Sebbene l’utilità marginale al variare del prezzo sia crescente, va tuttavia considerato che il budget delle istituzioni è limitato[6], per cui la curva di domanda istituzionale avrà nel suo complesso un’inclinazione negativa, in quanto, pur essendo sempre richiesti i capolavori perché hanno un impatto diretto sull’immagine dei musei[7], il numero di opere d’arte richieste diminuisce in relazione all’aumentare del prezzo (Past). Questa affermazione tuttavia vale per i soli segmenti superiori del mercato, quelli degli artisti già affermati. I musei risultano invece meno interessati ad opere di artisti poco conosciuti sebbene le loro quotazioni siano più convenienti[8]. La domanda quindi sotto ad un certo livello dei prezzi comincerà a scendere, assumendo un’inclinazione positiva. Per gli artisti fuori mercato e emarginati dal sistema la domanda dei musei diventa addirittura pressoché nulla (ciò è comprensibile se si considera il loro ruolo attuale di storicizzazione e non di talent scouting).
La componente privata
La componente privata della domanda di art stock fa capo principalmente ai collezionisti (tra essi si annoverano anche le aziende che investono in arte). E’ possibile classificare i collezionisti secondo diverse tipologie, sulla base delle differenti motivazioni sottostanti la decisione di acquistare un’opera. Se si considera come marginale la nobile finalità della filantropia (sebbene di essa rimanga forte la presenza “di facciata”), il collezionismo, come spiega il termine stesso, si basa in primis sulla motivazione a raccogliere oggetti rari e dello stesso tipo in serie, come avviene ad esempio con francobolli e monete. La domanda di “collezionismo puro” dipende principalmente dallo stock in precedenza accumulato (cioè dalla consistenza della collezione). In corrispondenza di collezioni più cospicue il beneficio marginale al consumo del bene arte risulta essere più elevato. Tuttavia, poiché sussistono per il collezionismo vincoli di risorse disponibili, non è detto che questo si trasformi in una maggiore domanda.

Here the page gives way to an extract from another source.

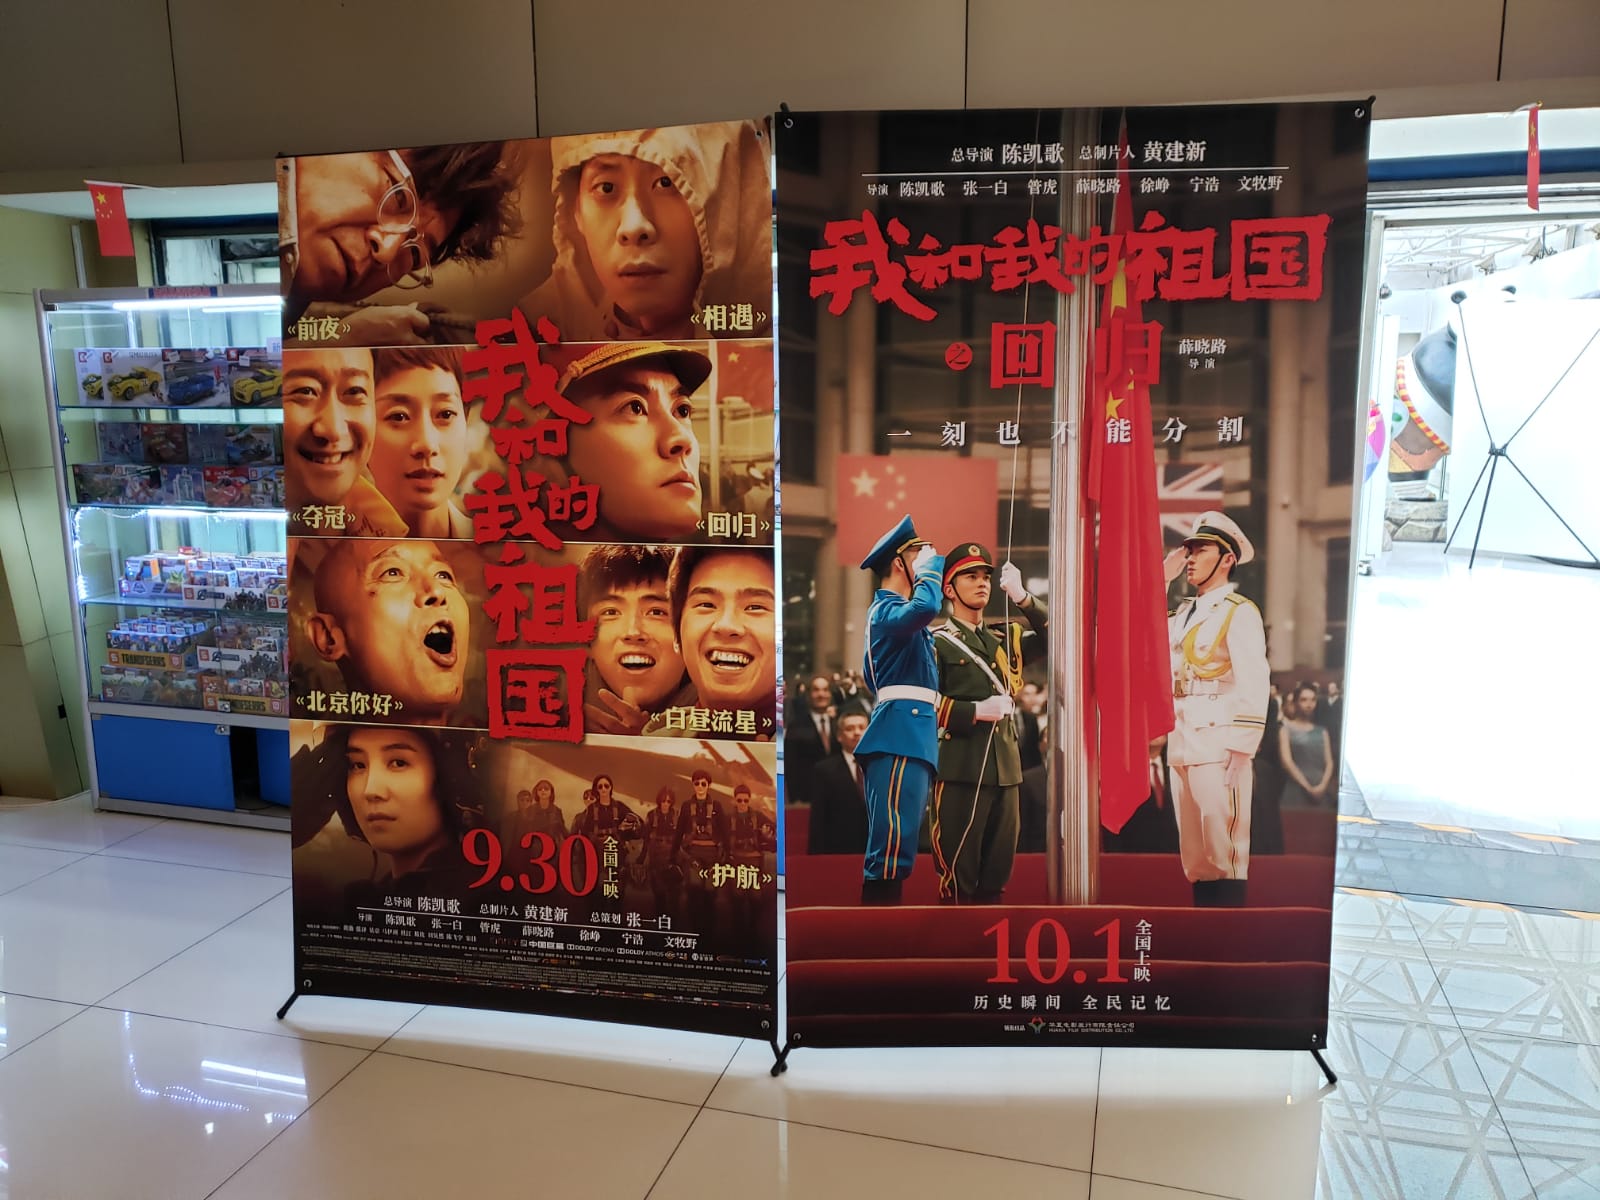 A mall cinema in Beijing is promoting two main films -- a propaganda film and one about Communist leader Mao Zedong.
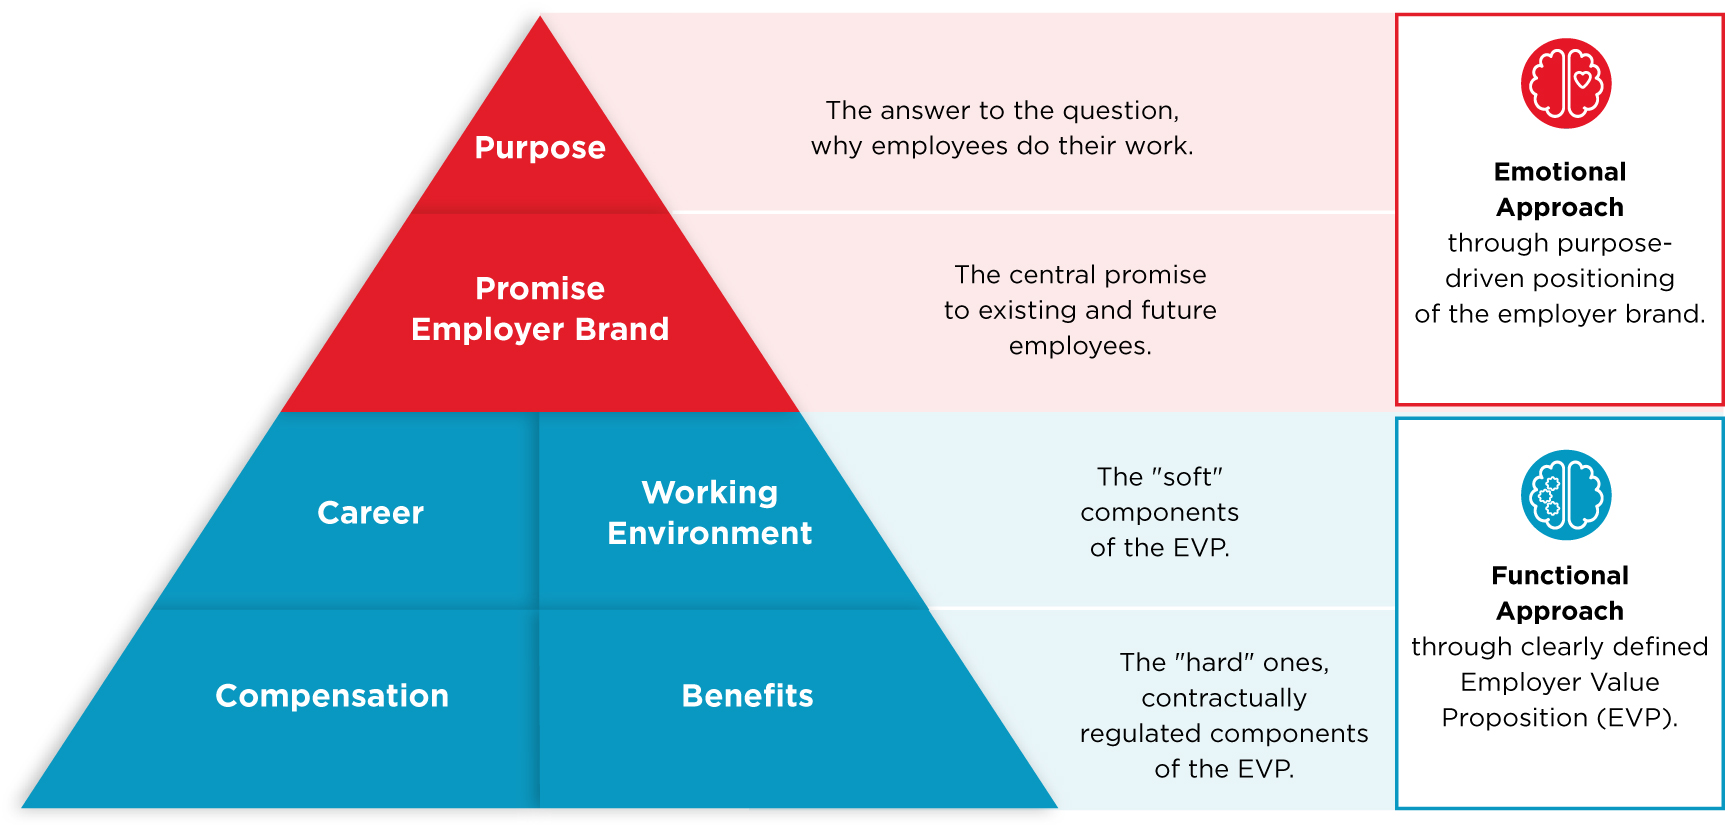 Employer Branding: Attracting and retaining talent with purpose - Employer Branding Example from EVP Model

Il collezionismo può poi immancabilmente far perno su una finalità di tipo estetico, intellettuale ed emotivo, legato ad un diretto apprezzamento dell’opera. In questo caso si può vedere il collezionista alla stregua di un talent-scout, che scommette con fiducia sul suo gusto personale, sulla sua competenza culturale e sulle sue capacità di scoprire nuovi artisti di successo. Questa componente della domanda va di pari passo a quella di consumo di art service e dipende sempre dall’utilità del collezionista derivante dall’acquisto di un’opera d’arte.
Una terza motivazione all’acquisto di opere d’arte è quella segnaletica (di tipo sociale), in cui il possesso dell’opera diventa uno status symbol da mostrare agli altri, al pari di altri beni di lusso. Questa categoria di domanda viene quindi a dipendere dalle caratteristiche dell’opera in termini di riconoscibilità (brand) ed esclusività (prezzo). Il segmento cui si fa riferimento per la domanda di status symbol è quello più alto del mercato. In questo segmento la domanda si fa particolarmente rigida perché i beni da comprare si differenziano fortemente da tutti gli altri.
Infine sussiste spesso dietro gli acquisti di opere d’arte una finalità di tipo economico, in cui esse sono visti nell’ottica dell’investimento e presuppongono che il collezionista sia introdotto e conosca bene le logiche del sistema[9]. Da questo punto di vista l’acquisto di un’opera dipende dal suo rendimento atteso (pari all’attualizzazione dei capital gain al netto delle uscite legate ai costi di conservazione e ai redditi legati allo sfruttamento dell’opera), nonché dal suo rischio di volatilità dei prezzi e di liquidità, il tutto in relazione ai rendimenti alternativi del mercato degli investimenti. La finalità puramente speculativa della domanda di art stock si concentra quindi nei segmenti superiori del mercato, in cui le opere godono di una quotazione e di un mercato secondario.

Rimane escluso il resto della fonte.